Is your future income written in your DNA?

The devil is in the details, of course, of
the methodology and the results, and, importantly, the way they are presented
and interpreted.
The idea that something like a person’s
income could be partly heritable – that is, that variation in income across the
population could be partly attributable to genetic differences between people –
is in fact, not new at all and really not remarkable at this stage. Decades of
research in behavioral genetics has clearly shown that pretty much every human
behavioral trait and every life outcome – from income to marriage to divorce
to educational attainment to going to prison – is partly heritable. This is
because these experiences are partly driven by our psychological traits, which
are themselves partly driven by genetic differences.

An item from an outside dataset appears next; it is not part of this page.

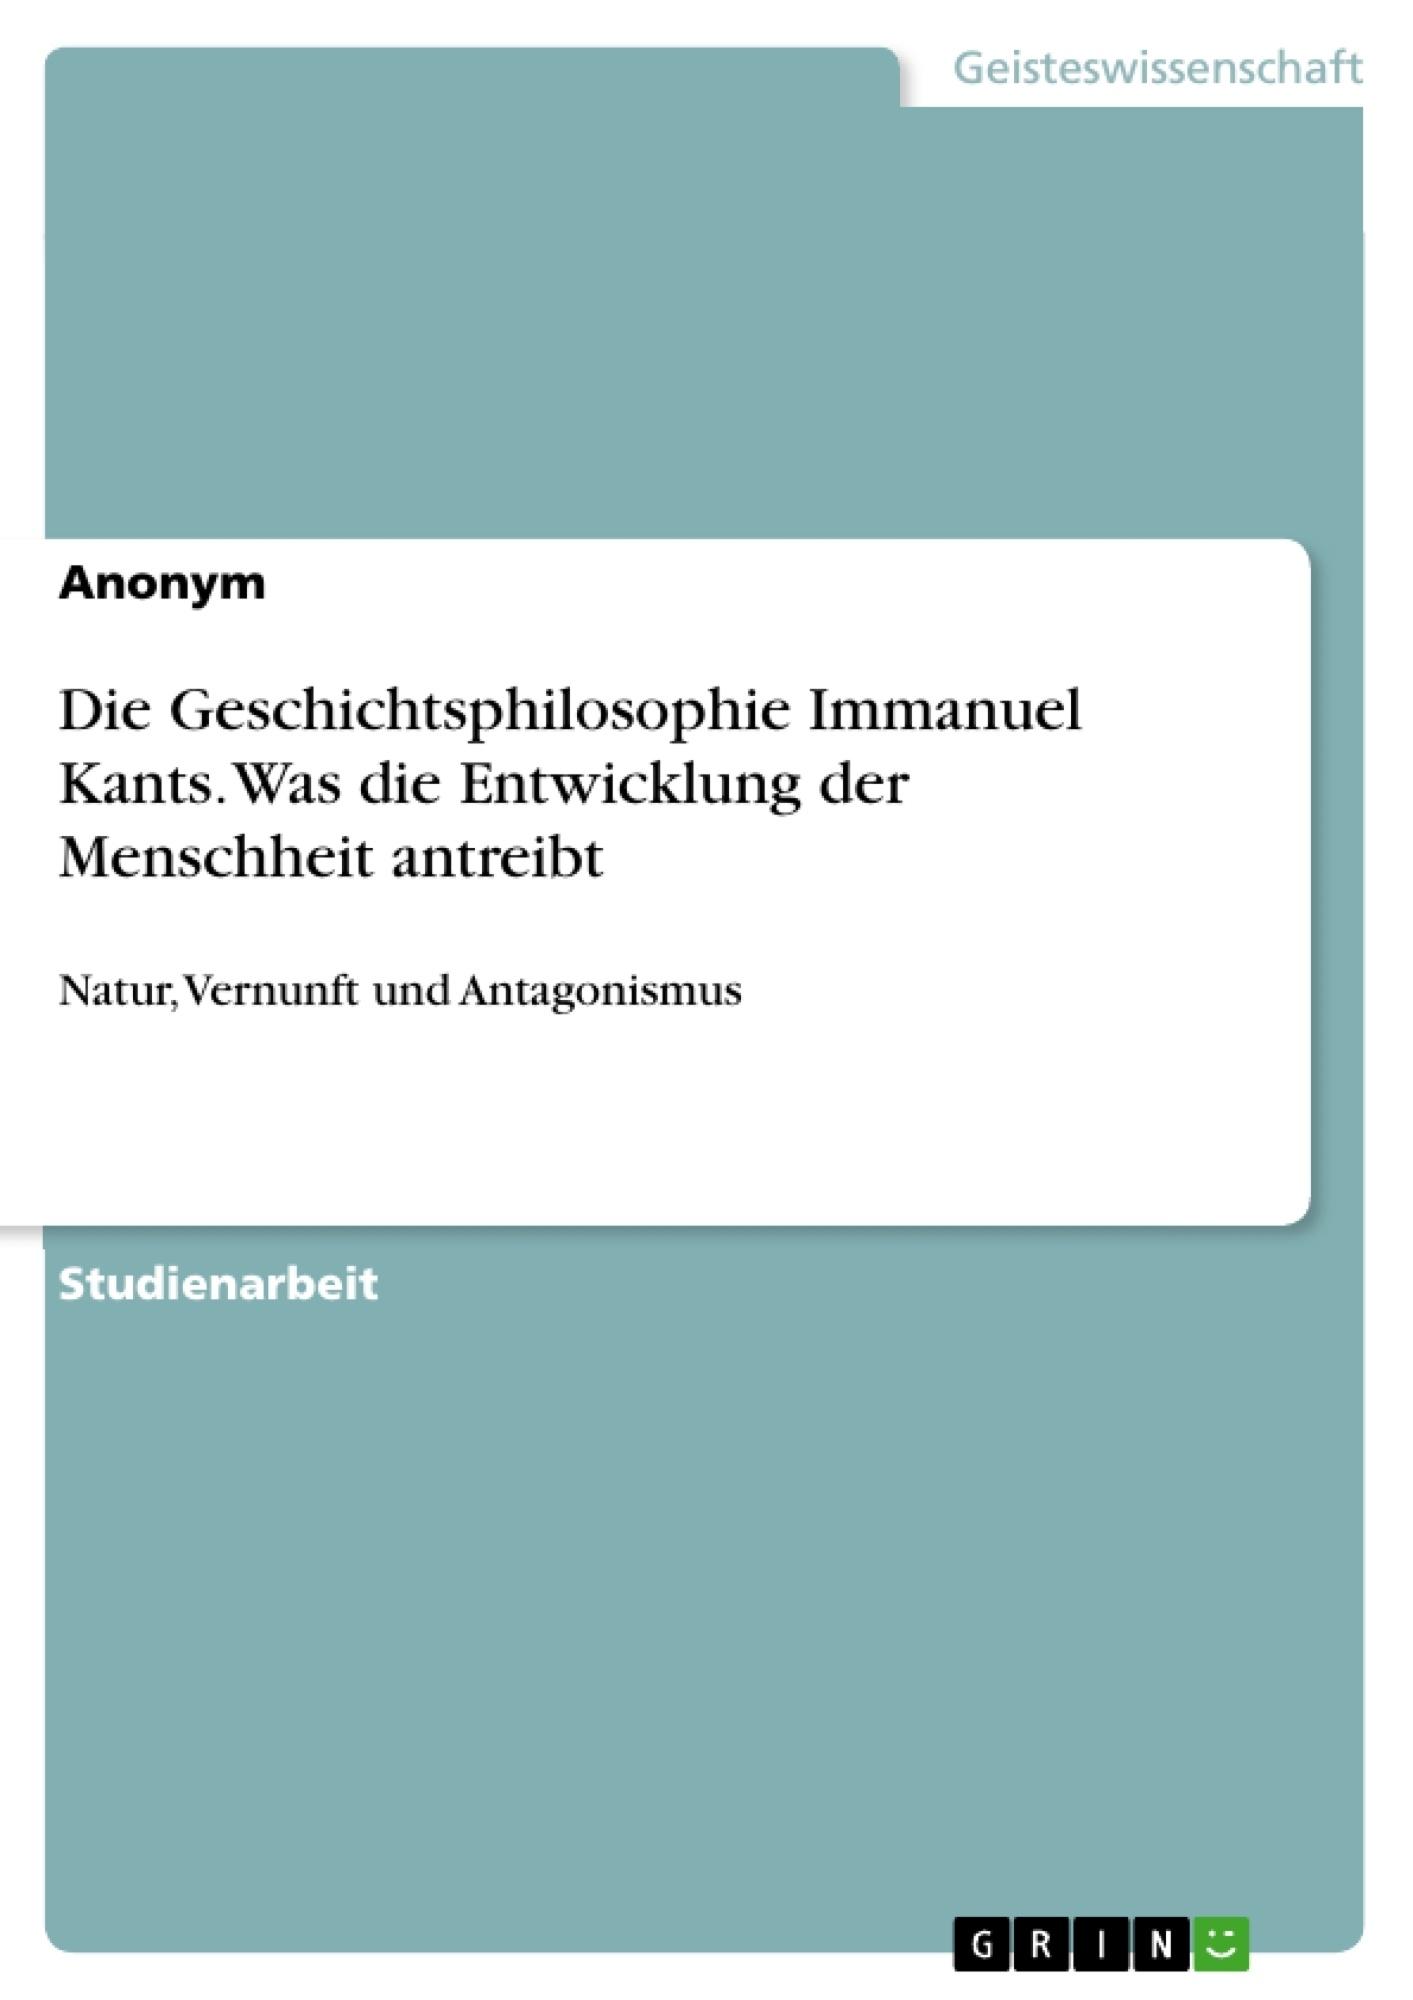 Titel: Die Geschichtsphilosophie Immanuel Kants. Was die Entwicklung der Menschheit antreibt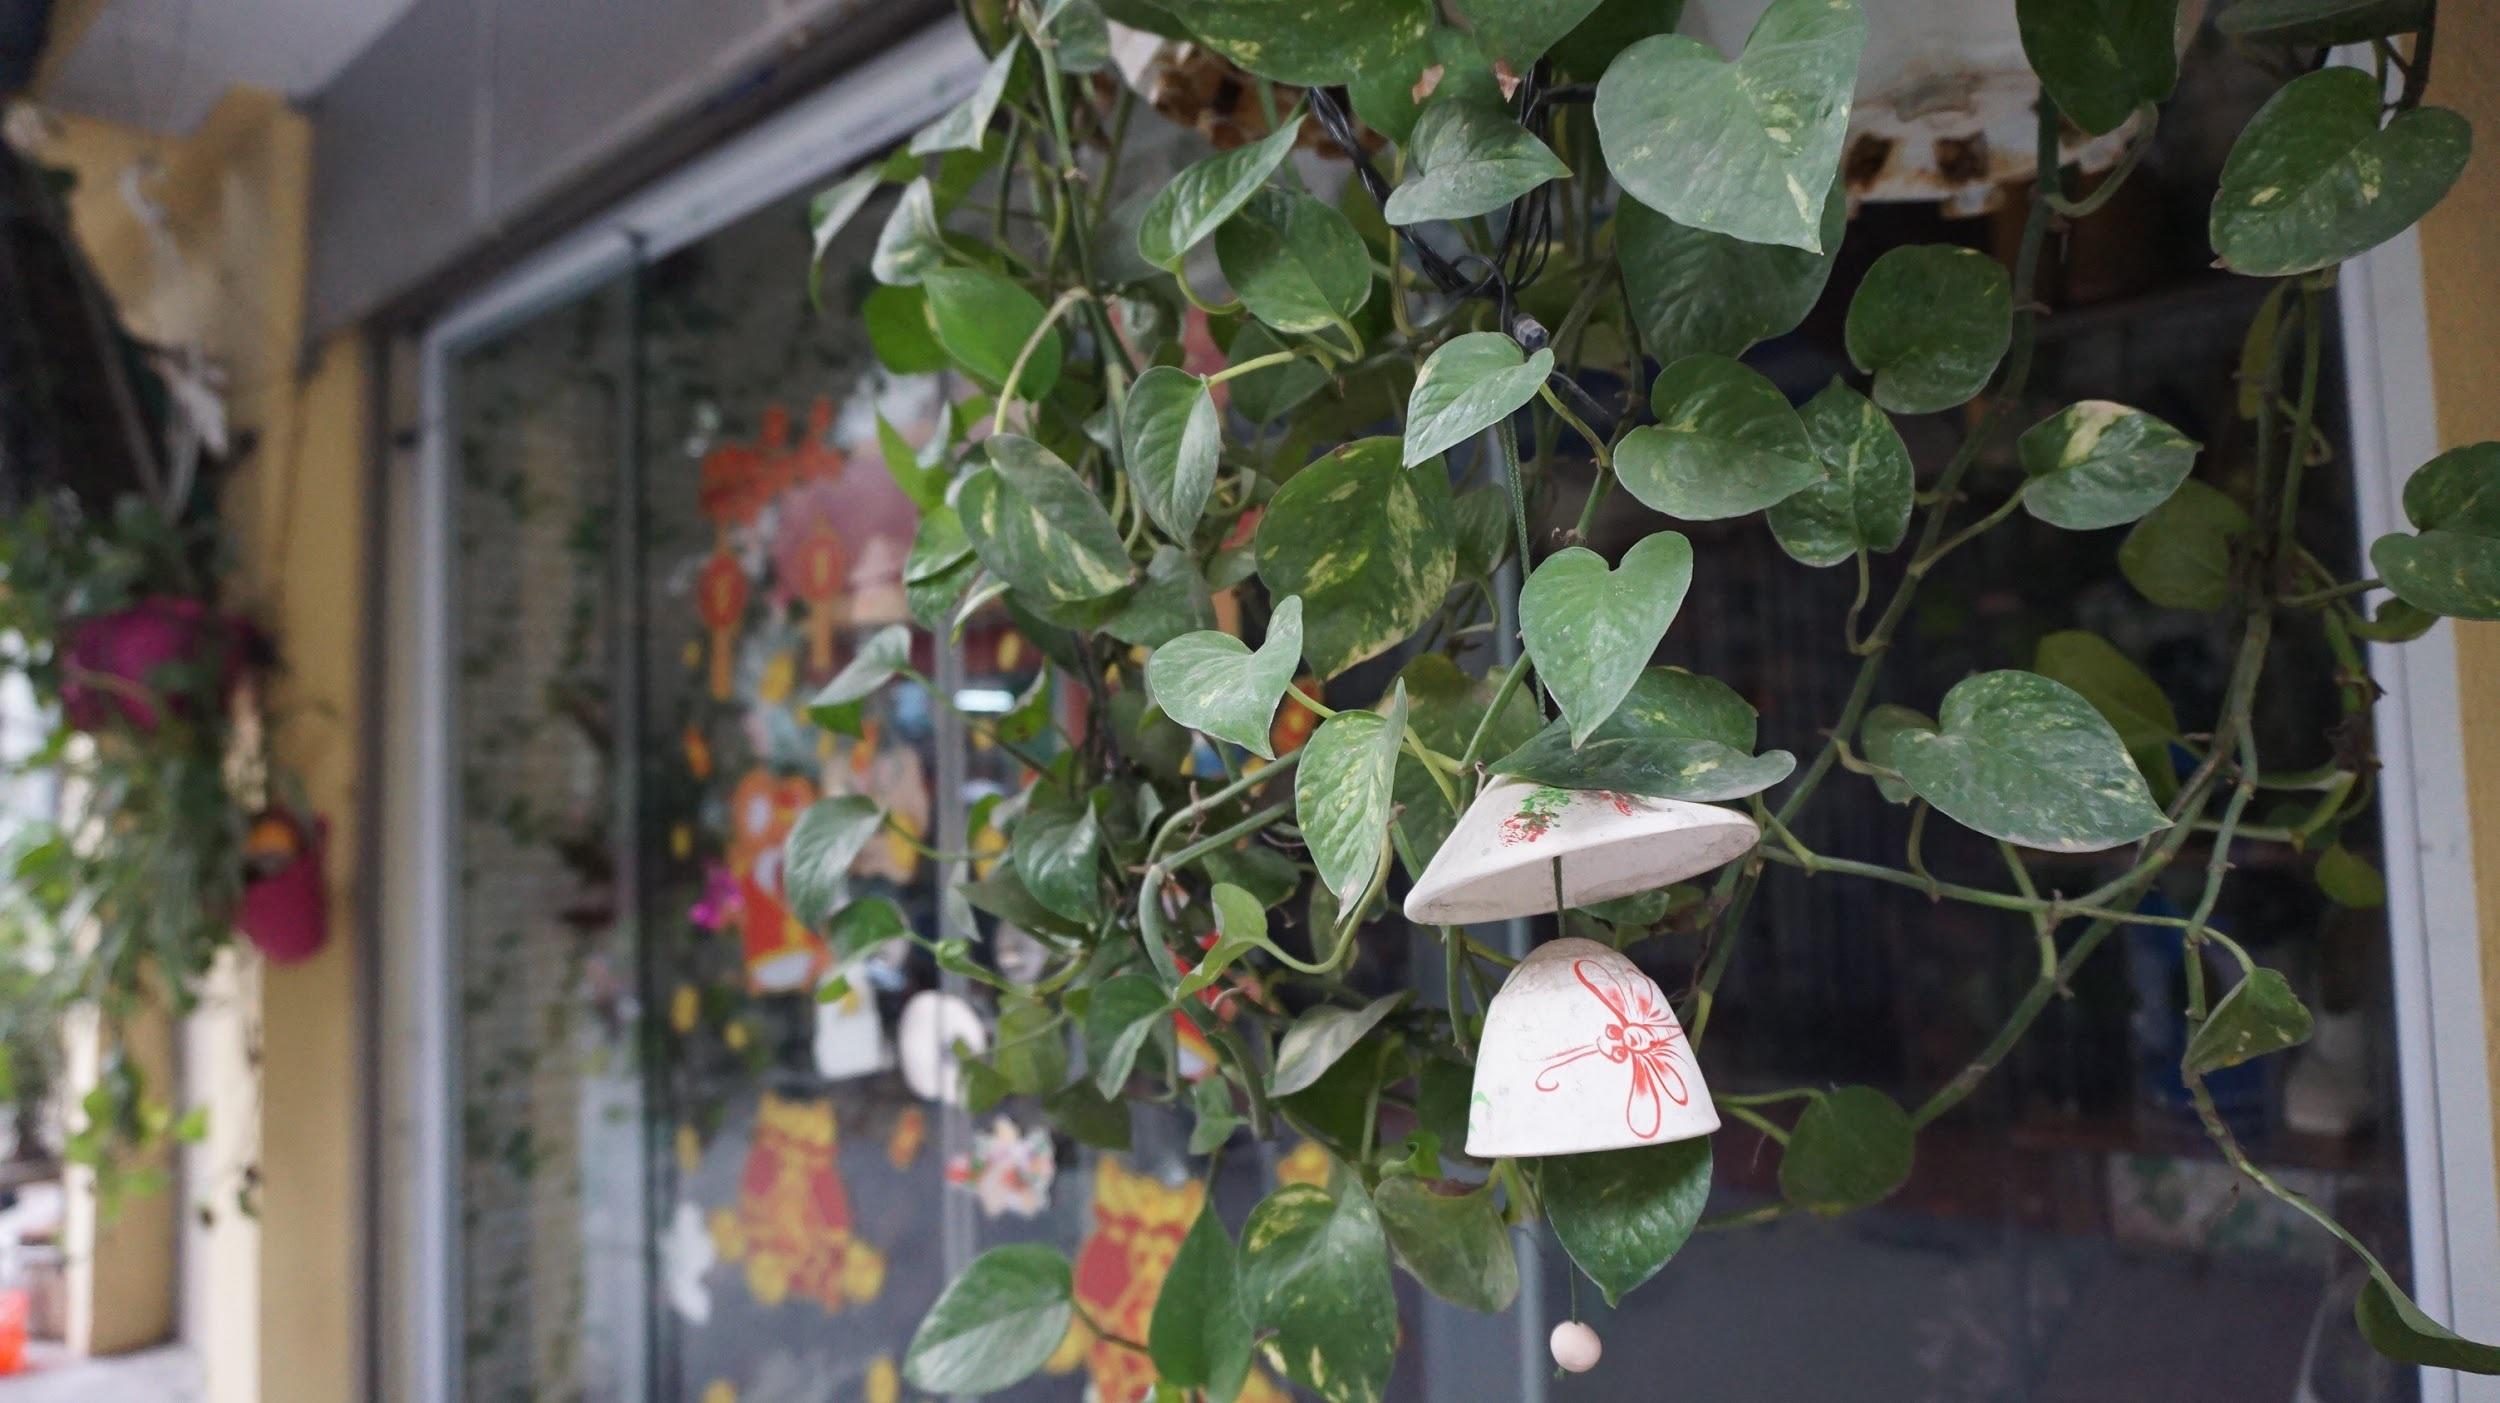 Nhà cây 5 tầng phủ kín hoa giấy ở Hà Nội, ai đi qua cũng dừng lại ngắm - 7

Given the existence of these genetic
effects, it may be interesting to try and figure out the underlying mechanisms.
That starts with identifying some of the actual genetic variants that are
associated with the metric of interest in some population, and then figuring
out the causal mechanisms that link them to the phenotype. I say “may be”
interesting because it’s not actually obvious that it always is – sometimes the
details of the genes involved are very informative and others times they’re
really not. Of course, you can’t know until you look.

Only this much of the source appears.